Kobyluck Bros., LLC v. Planning
Decision Date | 02 August 2016 |
Docket Number | AC 37732 |
Court | Connecticut Court of Appeals |
Parties | KOBYLUCK BROTHERS, LLC, ET AL. v. PLANNING AND ZONING COMMISSION OF THE TOWN OF WATERFORD |
(Appeal from Superior Court, judicial district of New London, Handy, J.)
Michael A. Zizka, with whom was Kari L. Olson, for the appellants (plaintiffs).
Nicholas F. Kepple, with whom were Sandra Beck Dombro and, on the brief, Robert A. Avena, for the appellee (defendant).
The plaintiffs, Kobyluck Brothers, LLC (Kobyluck Brothers), and Kobyluck Construction, Inc. (Kobyluck Construction), appeal from the judgment of the trial court affirming the decision of the defendant, the Planning and Zoning Commission of the Town of Waterford (commission), denying the plaintiffs' special permit and site plan application.1 The plaintiffs claim that the court incorrectly interpreted the term "manufacturing" as used in the Waterford Zoning Regulations (regulations) to preclude the production of construction aggregate.2 We agree, and, accordingly, reverse the judgment of the trial court.
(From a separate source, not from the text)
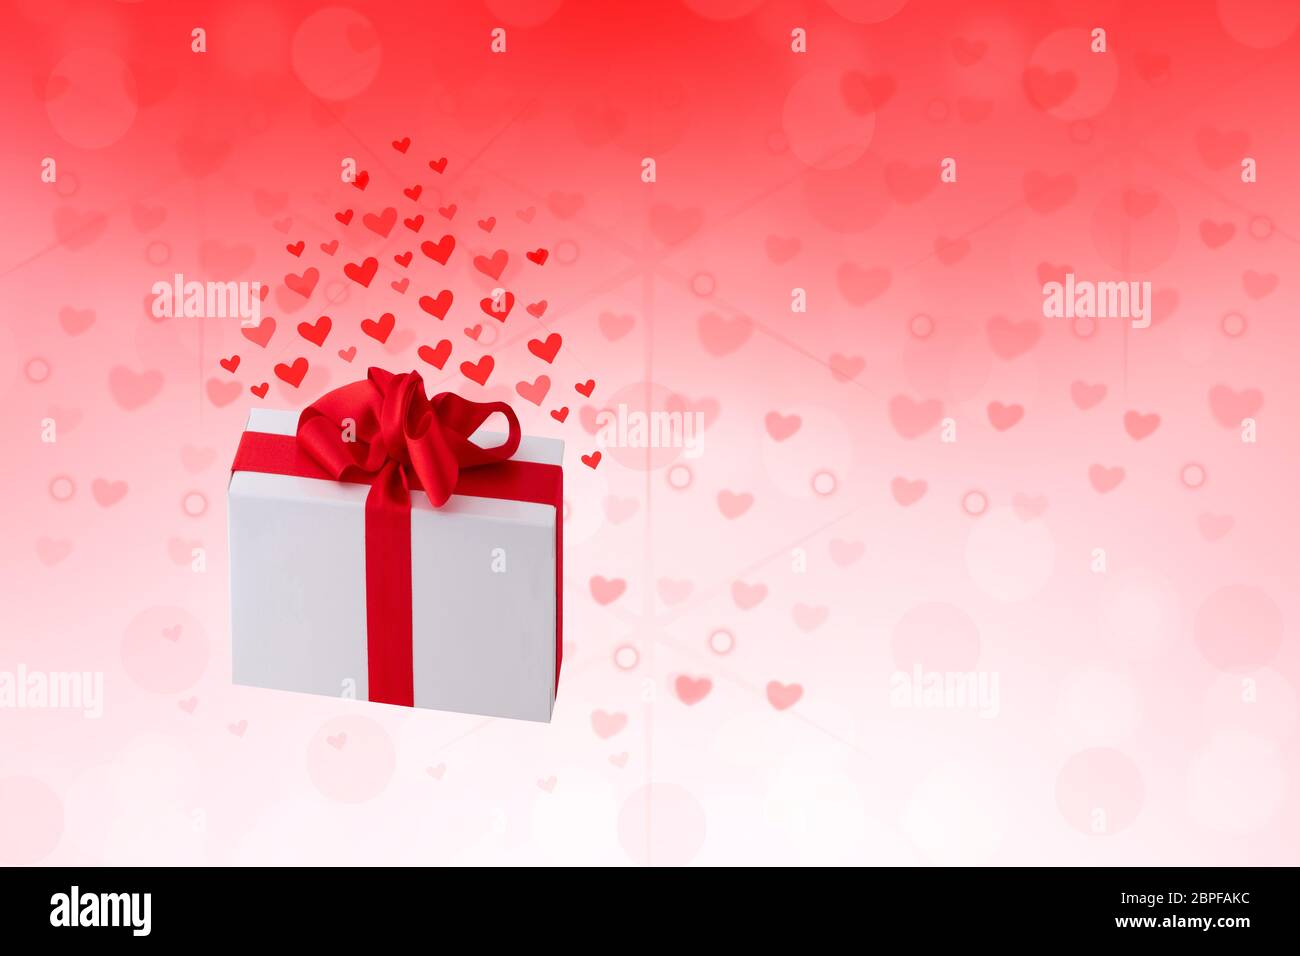 Buon San Valentino o giorno di nozze. Astratto amore romantico vacanza sfondo rosso con cuori e una scatola regalo con nastro rosso. Template con spazio per voi Foto Stock

The record reveals the following relevant undisputed facts and procedural history. Kobyluck Brothers owns 28 Industrial Drive (property), the parcel at the center of the dispute, in Waterford. The property is a thirty-seven acre parcel of land in an industrial park at the eastern end of a cul-de-sac street. Adjacent to the property, Kobyluck Brothers also owns 24 Industrial Drive, which contains a concrete manufacturing plant operated by Kobyluck Construction.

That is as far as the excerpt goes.